If National Park rangers close a trail, they are not trying to ruin your vacation no matter how much mom complains. *Ahem!* The trail is closed for a reason.
Case in point. There was grizzly bear activity noted in an area we wanted to hike one day during our stay at Glacier National Park. Whenever grizzlies are spotted at Glacier, rangers close the trails in that section. But rather than listen to Mom cry in the van, Dad took the family to listen to a ranger talk about bears.
We did not see one in person. This|
grizzly pic is from google images.
Grizzly bears are more aggressive than black bears. Black bears climb trees. Grizzlies are too large and have long claws. They cannot climb trees. Grizzlies rely on their sheer mass to protect themselves and their cubs. Grizzlies can reach over 700 pounds. Black bear are only about 300 pounds.
We have seen black bear in Sequoia National Park in California when we were on a nature trail with a park ranger. A cub was off in the meadow. We couldn’t find the mama. The ranger immediately turned us around and we went back the way we came.
We’ve seen black bear here in New Jersey on the Appalachian Trail. What looked like a full-sized bear was tearing through a dead tree in search of insects not 30 feet from the trail. No way to turn around this time. My son and daughter and I were backpacking for a few days. We were miles and miles from either car we had parked by access points on the A.T.
I led the children off the trail giving the bear another ten yards’ distance. We made sure we could still see the Appalachian Trail markings so as not to get lost. Quietly and slowly, we moved through the forest, so as not to disturbed the bear’s feasting. Usually—and that’s a BIG usually—black bear will not attack unless they feel threatened. I would never want to meet a mama grizzly or any grizzly for that matter!

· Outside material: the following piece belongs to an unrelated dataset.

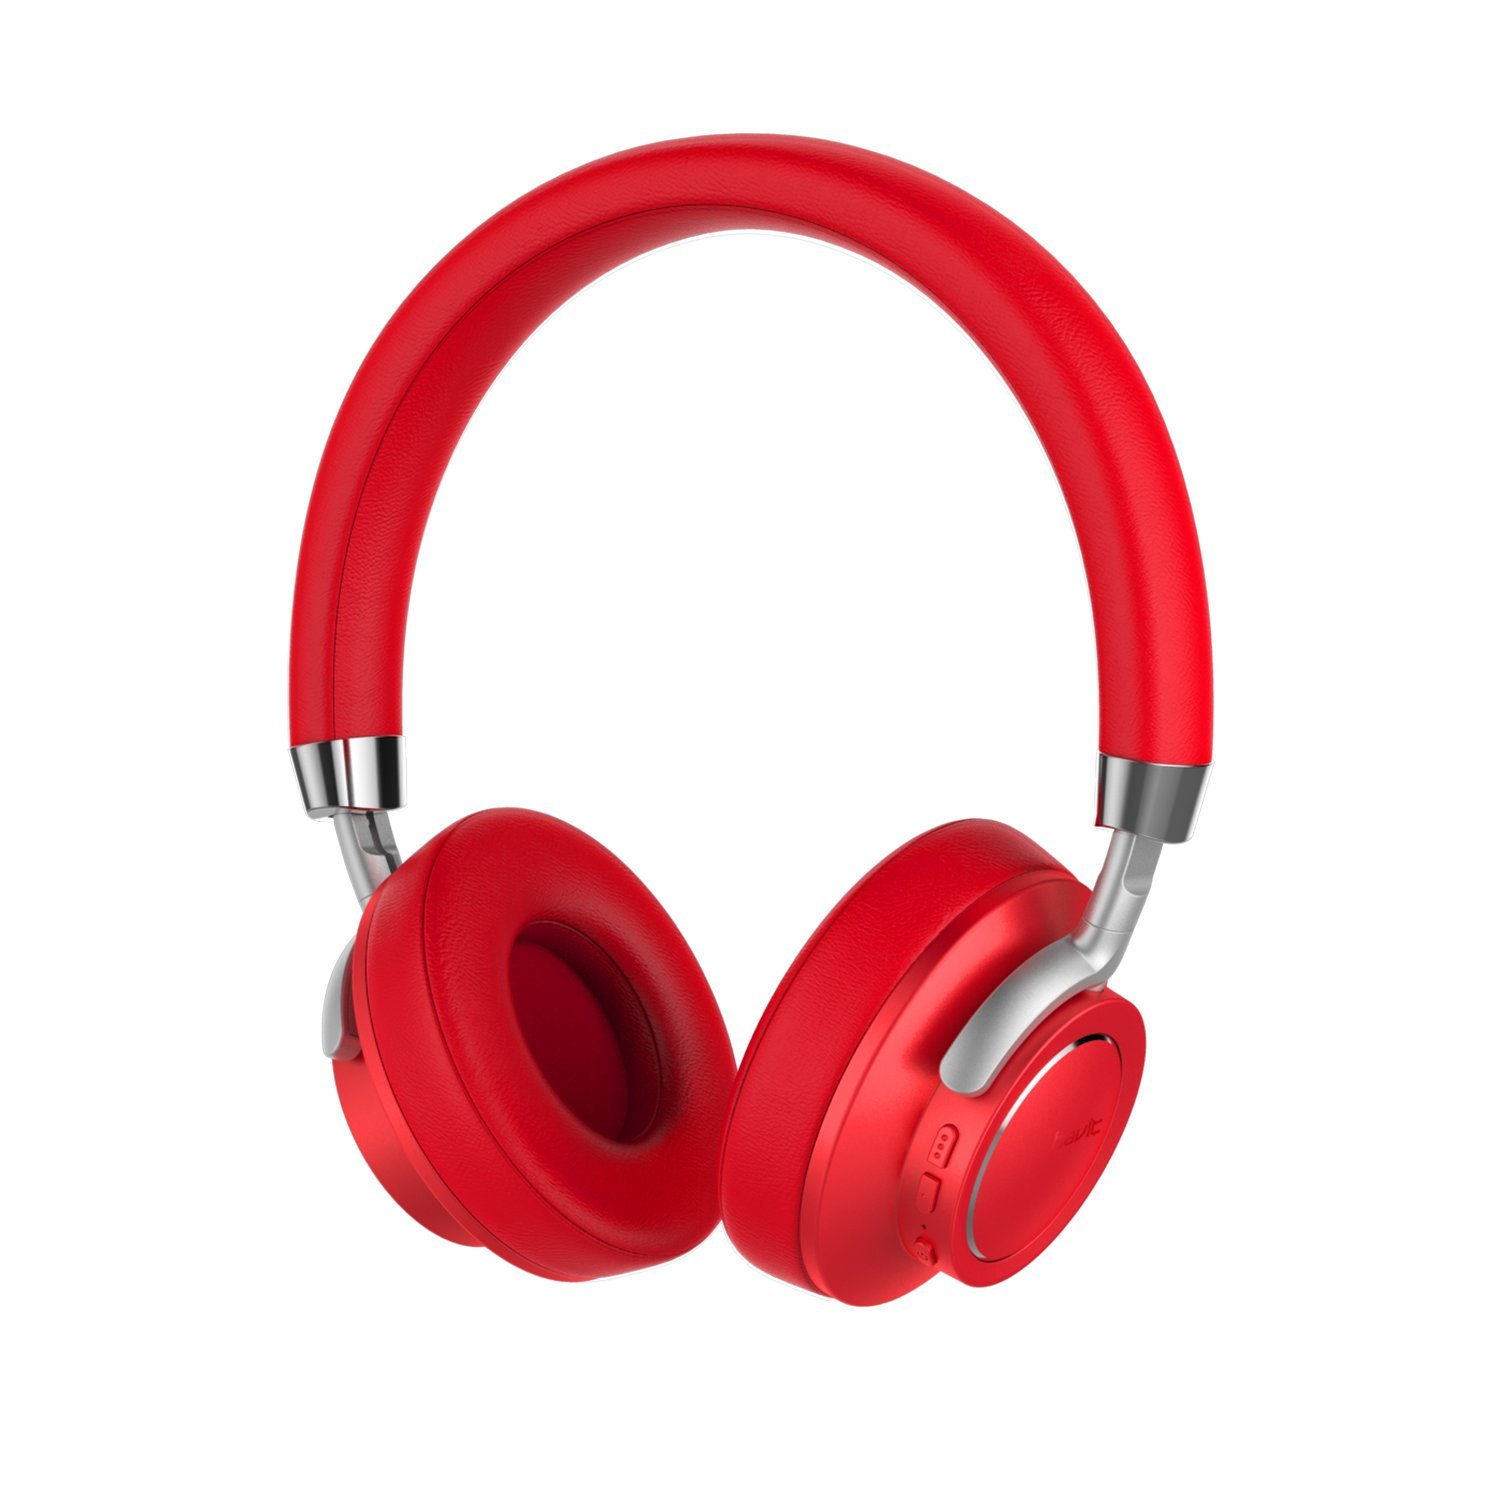 HAVIT I18 Wired / Wireless Headphones - Bluetooth 4.1 | HAVIT Online

You’ll find an excellent and free black bear/grizzly bear identification booklet with photos on Montana State’s website. Scroll down to the bottom of the page and click on the “Bear Identification Tutorial” box.
But back to our temporary trail closures at national parks. Trail maintenance is another reason trails may be closed. And many times you can’t see what’s wrong right at the beginning of the trail. Trees come down, trails wash away leaving no footing near cliffs. Deep snow closes trails. The danger of deep snow in spring or early summer is that snow next to the earth may melt first causing water to run underneath a top crust of snow. This weakens the snow crust, making it easier for hikers to step and break through the crust and become stuck. We’ve seen these “snow melt” ice crusts cutting across trails out west in the United States. It’s always best to avoid stepping on snow whenever possible once temperatures start to rise.